“If you think that you can think about a thing, inextricably attached to something else, without thinking of the thing it is attached to, then you have a legal mind.” — Thomas Reed Powell
A lawyer advertised for a clerk. The next morning his office was crowded with applicants — all bright, many suitable. He bade them wait until all should arrive, and then ranged them in a row and said he would tell them a story, note their comments, and judge from that whom he would choose.
‘A certain farmer,’ began the lawyer, ‘was troubled with a red squirrel that got in through a hole in his barn and stole his seed corn. He resolved to kill the squirrel at the first opportunity. Seeing him go in at the hole one noon, he took his shot gun and fired away; the first shot set the barn on fire.’
‘Did the barn burn?’ said one of the boys.
The lawyer without answer continued: ‘And seeing the barn on fire, the farmer seized a pail of water and ran to put it out.’
‘Did he put it out?’ said another.
‘As he passed inside, the door shut to and the barn was soon in flames. When the hired girl rushed out with more water’ —
‘Did they all burn up?’ said another boy.

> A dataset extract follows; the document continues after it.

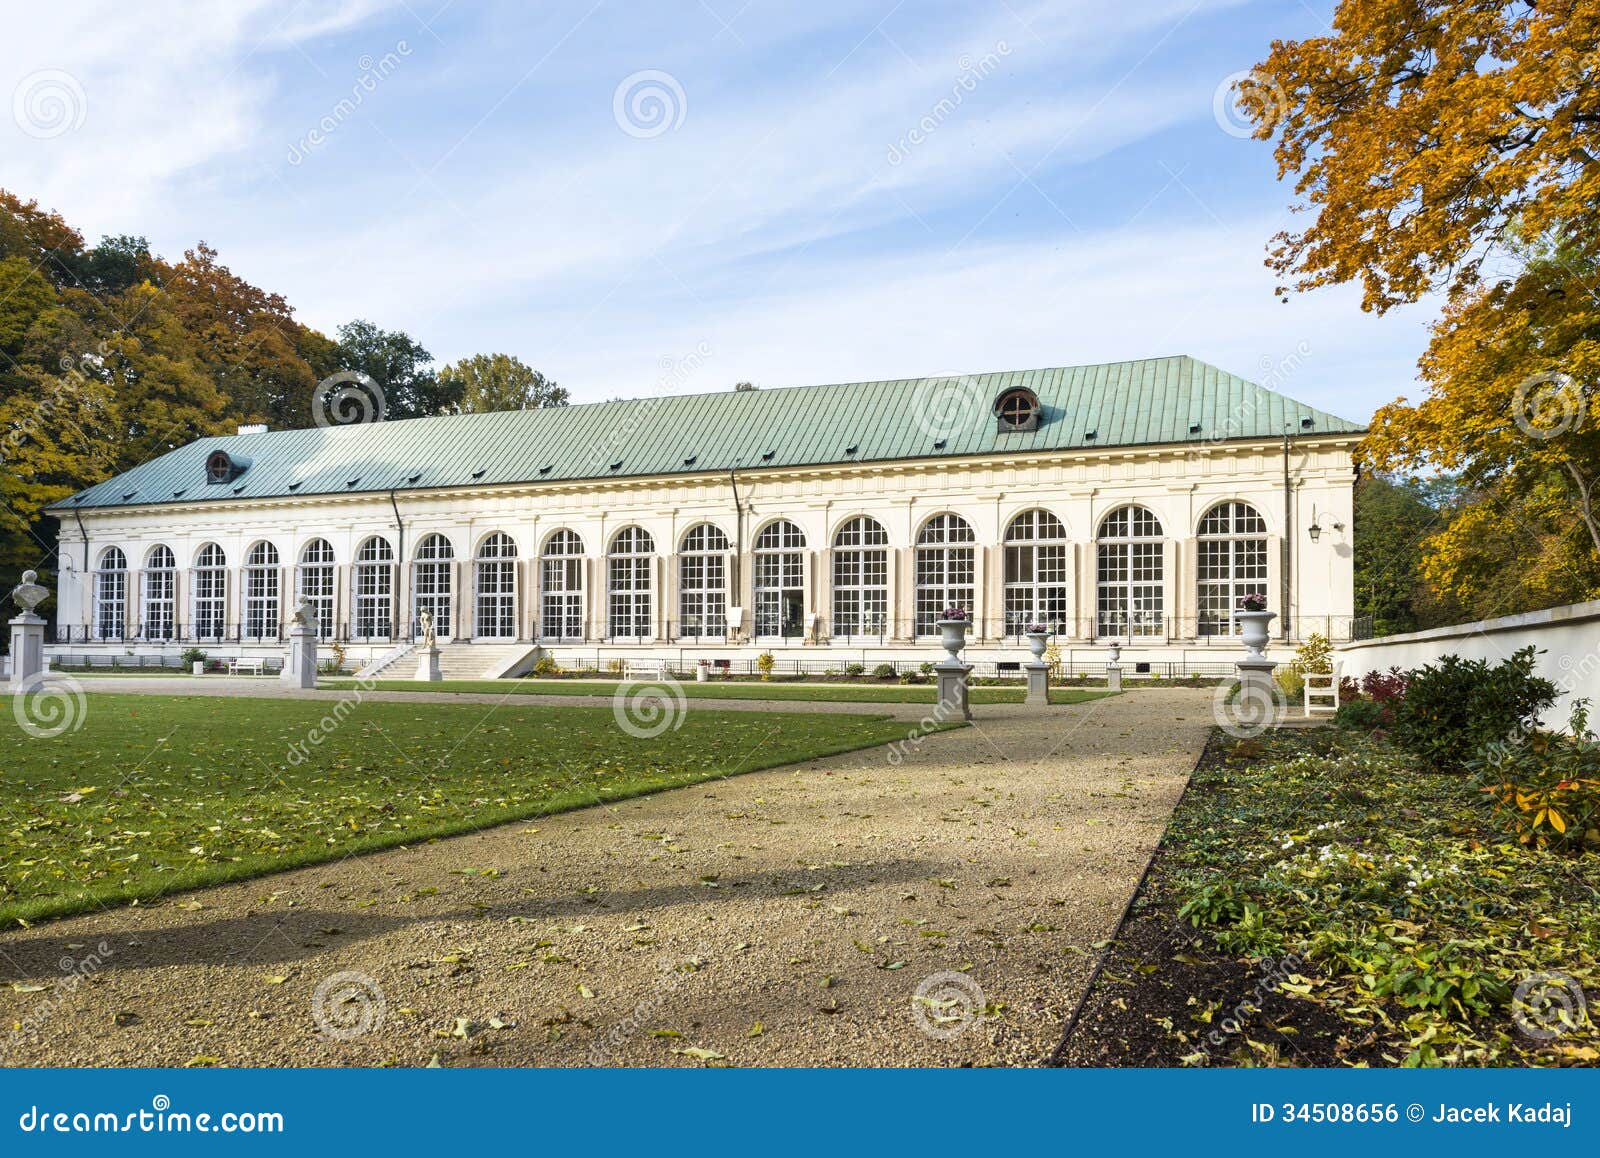 panoramic view of old orangery in lazienki park, warsaw, poland

The lawyer went on without answer:–
‘Then the old lady came out, and all was noise and confusion, and everybody was trying to put out the fire.’
‘Did any one burn up?’ said another.
The lawyer said: ‘There that will do; you have all shown great interest in the story.’ But observing one little bright-eyed fellow in deep silence, he said: ‘Now, my little man, what have you to say?’
The little fellow blushed, grew uneasy, and stammered out:–
‘I want to know what became of that squirrel; that’s what I want to know.’
‘You’ll do,’ said the lawyer; ‘you are my man; you have not been switched off by a confusion and a barn burning, and the hired girls and water pails. You have kept your eye on the squirrel.’